Apart from being exposed to a wide range of environmental hazards and toxic chemicals, US and UK Gulf War I veterans (GW1Vs) were also given large numbers of vaccines. In total, the US GW1Vs received, at least, 17 different vaccines  including live vaccines (polio and yellow fever as well as experimental vaccines that had not been approved (anthrax, botulinum toxoid) and were of doubtful efficacy . In the UK, the Ministry of Defence (MoD) has declared only 10 vaccines given, but records exist to show that some troops received a greater number . Among them were two experimental vaccines, anthrax with pertussis as an adjuvant (shown in 1990 to cause serious deconditioning in mice) , and plague, given to UK but not USA troops . The manufacturers of pertussis were not advised of the unlicensed use on GW1Vs [1,4].
Vaccine overload was identified as a significant factor in GWS. Steele  carried out a population survey of 1,548 GW1Vs from Kansas and 482 veterans who served elsewhere in 1998. GWS, defined as having chronic symptoms in three out of six domains occurred in 34% GW1Vs, 12% non-GW1Vs who reported receiving vaccines during the war but were not deployed, and 4% of non-GW1Vs who did not. There was thus a three-fold increase in GWS due to vaccinations alone.

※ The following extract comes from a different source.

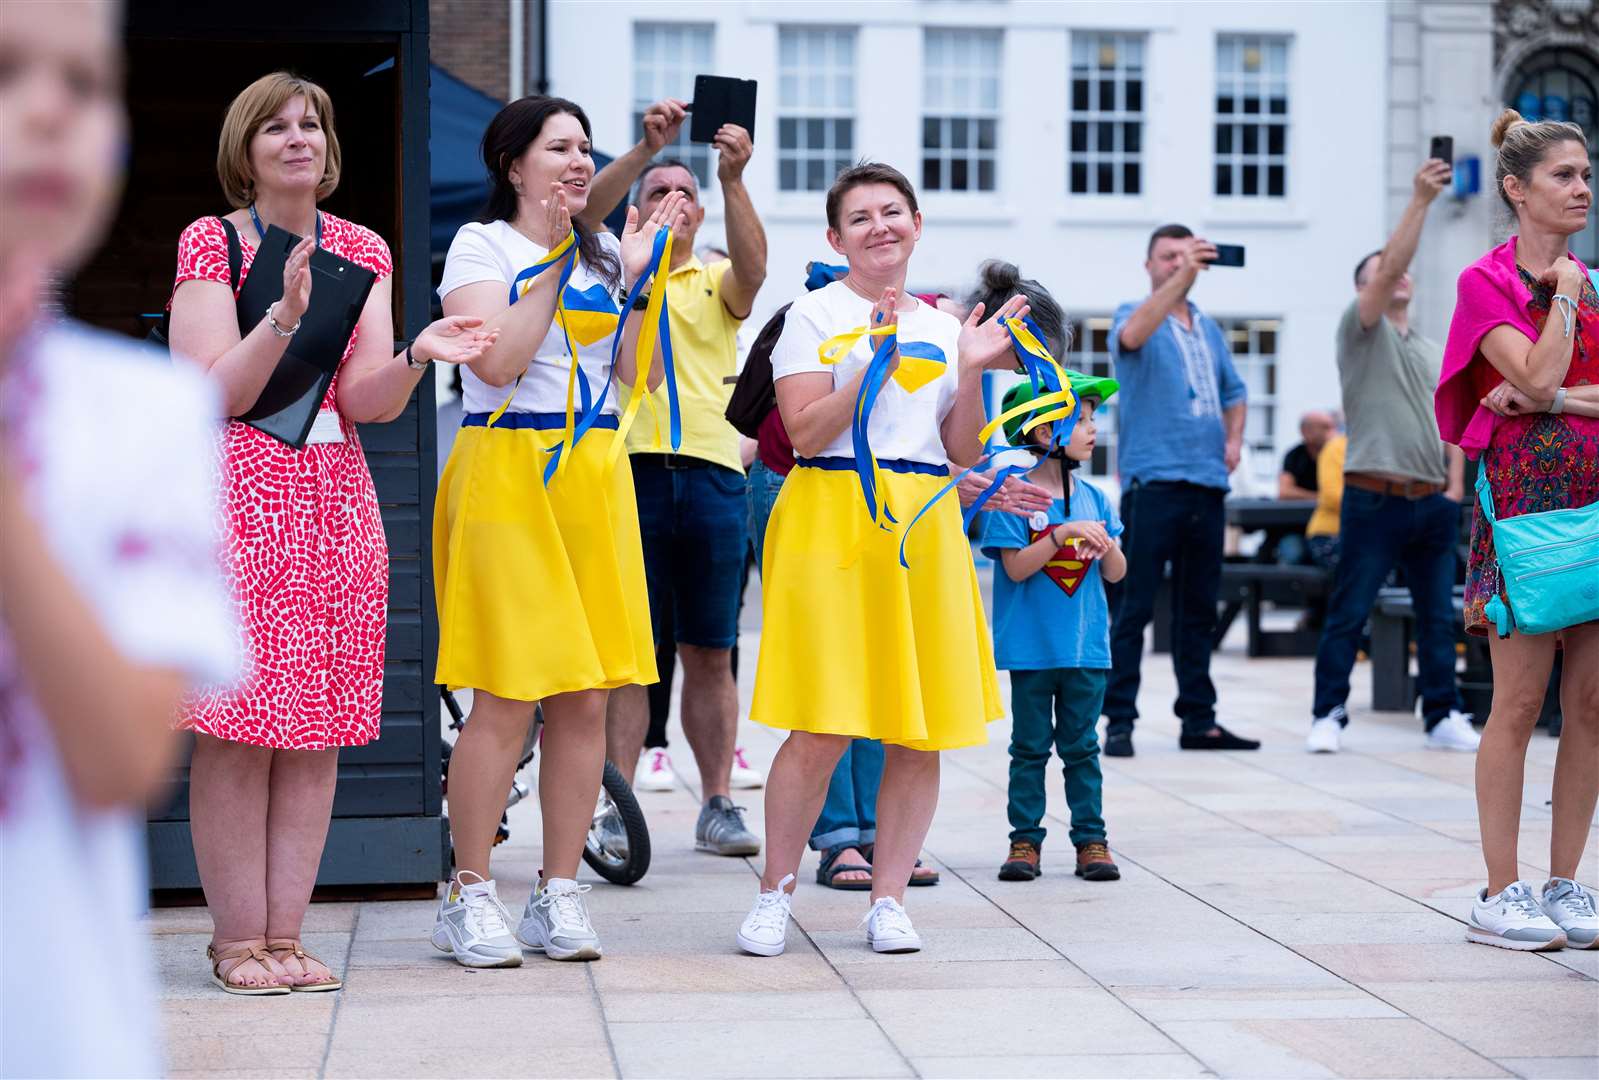 Blue and yellow took over the Tuesday Market Place. Picture: Ian Burt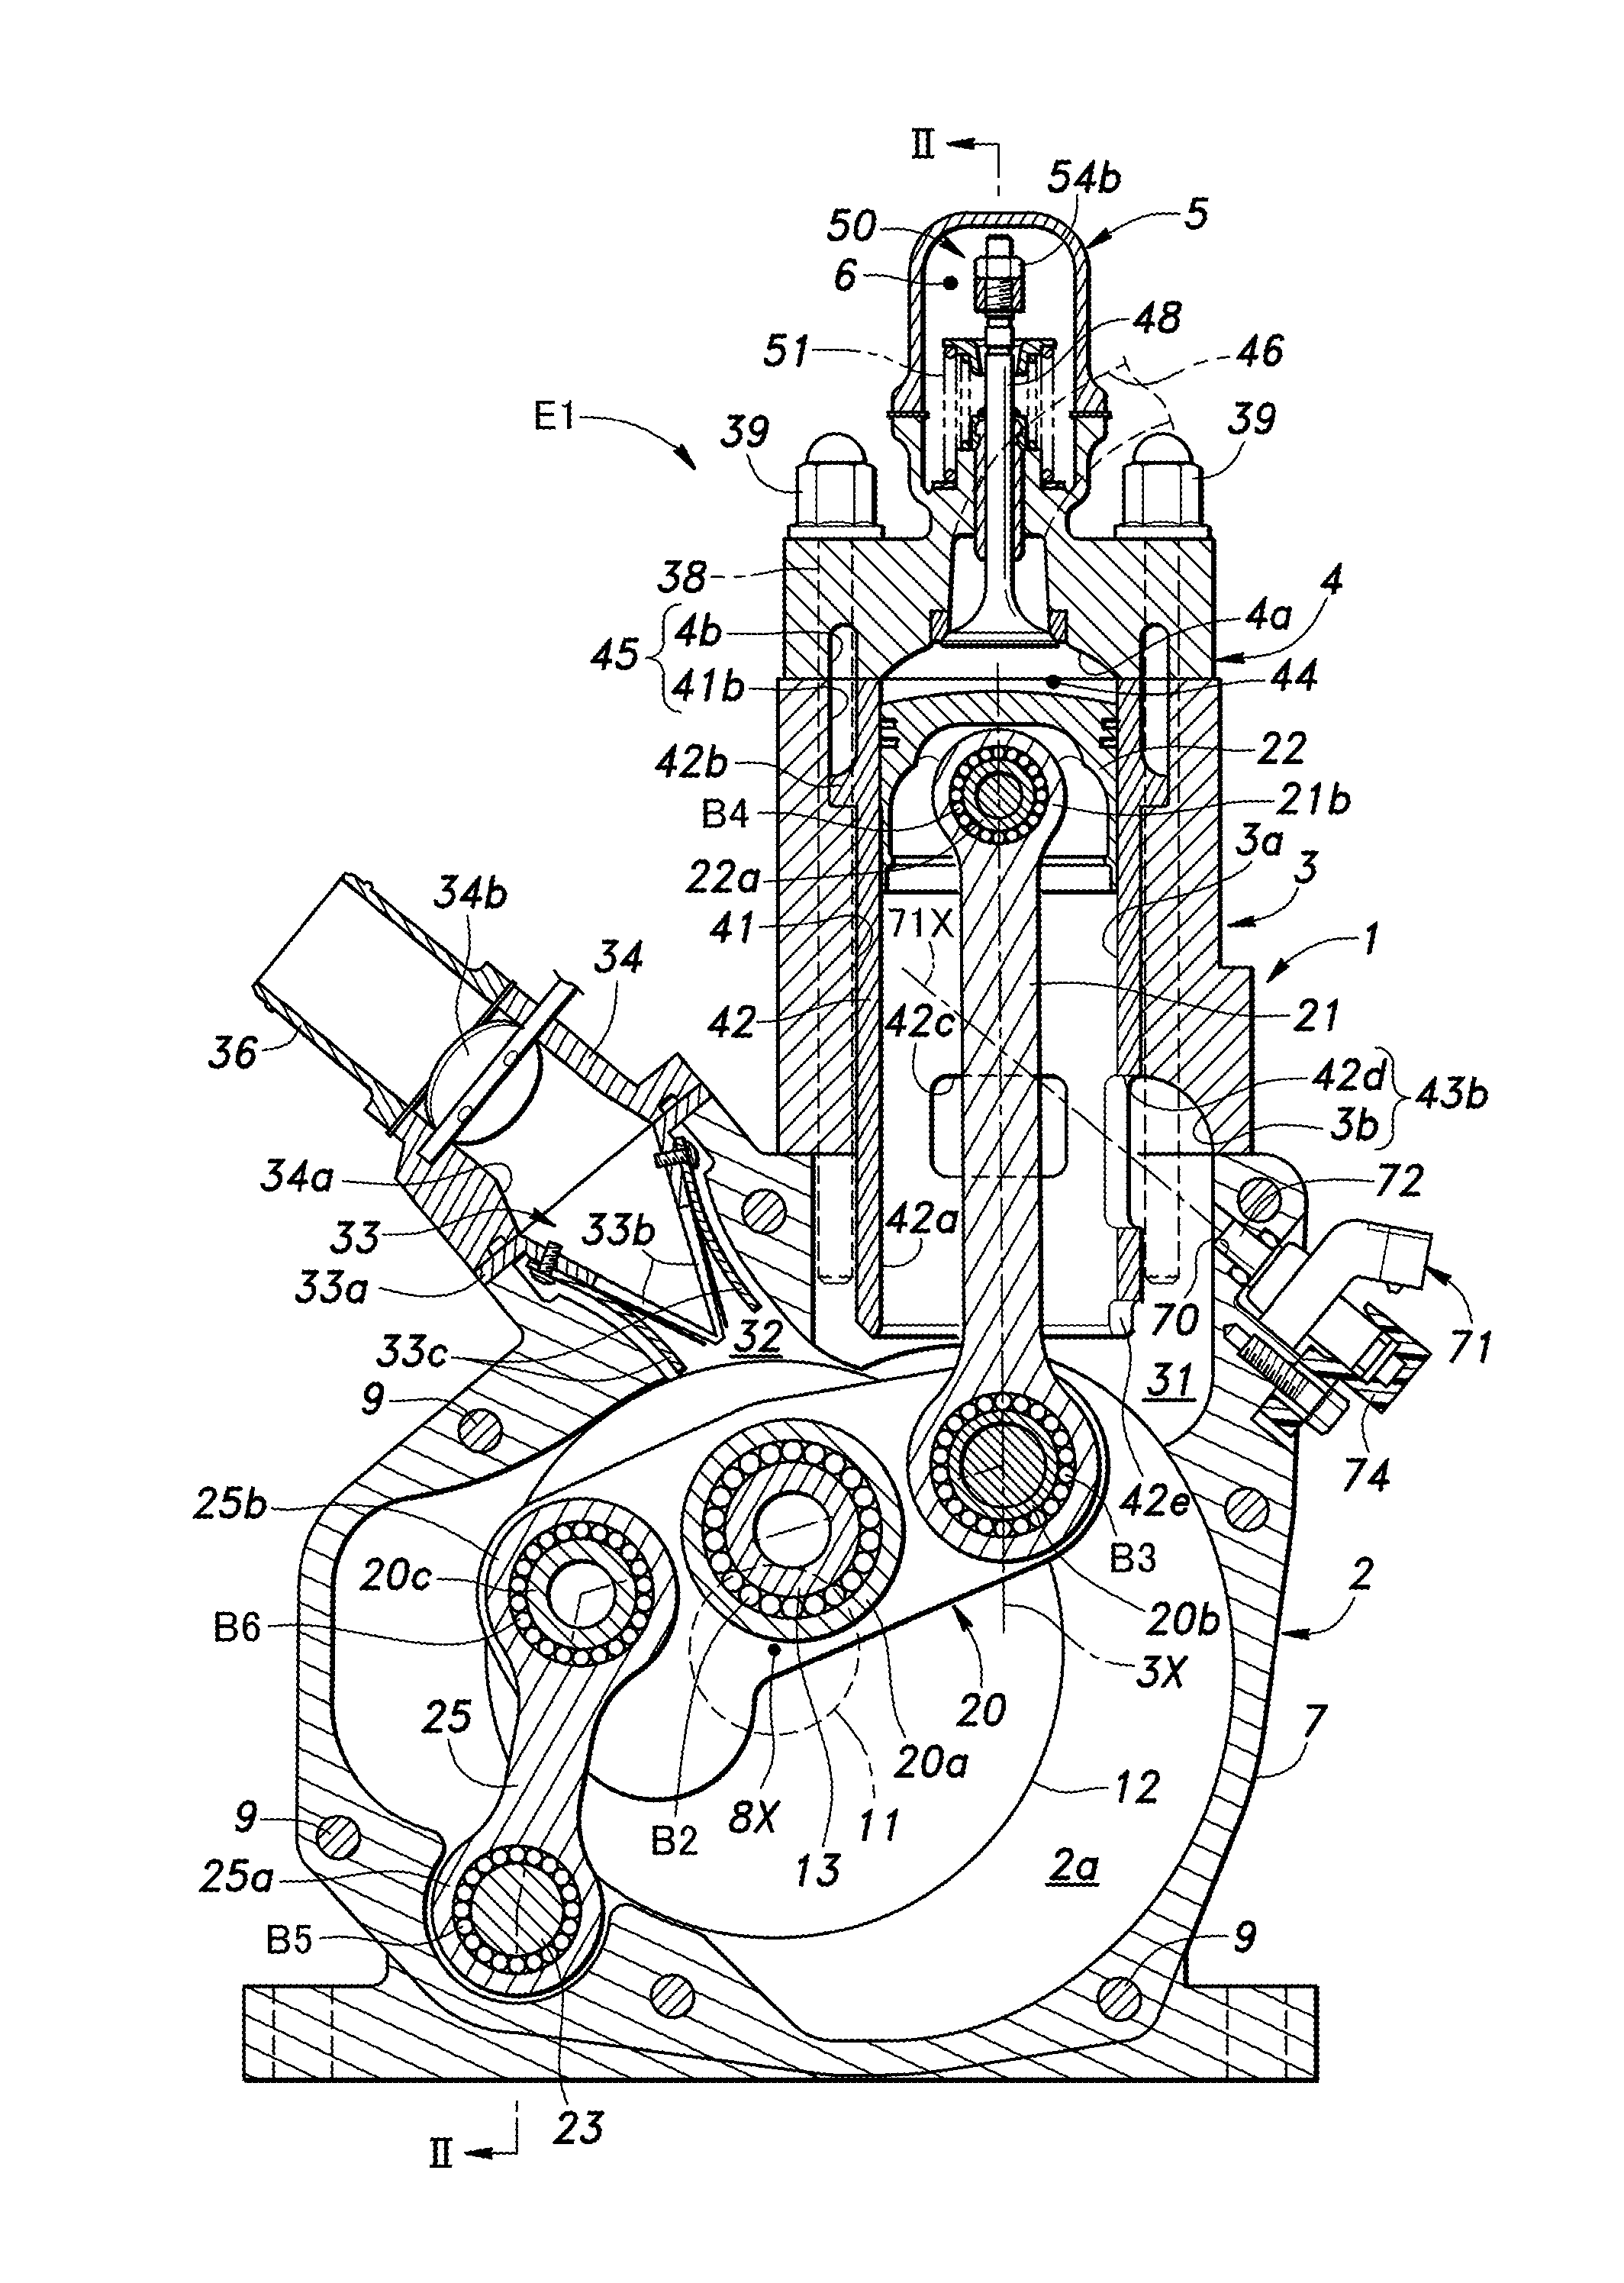 Two-stroke engine with fuel injection

This same study showed that the prevalence of GWS was lowest among GW1Vs who served on board ships (21%) and highest among those who were in battle in Iraq and/or Kuwait (42%), regardless of when they left the region. Among GW1Vs who served in the region but away from battlefields, GWS was least among those who departed the region prior to the war (9%) and most prevalent among those who departed in June or July 1991 (41%).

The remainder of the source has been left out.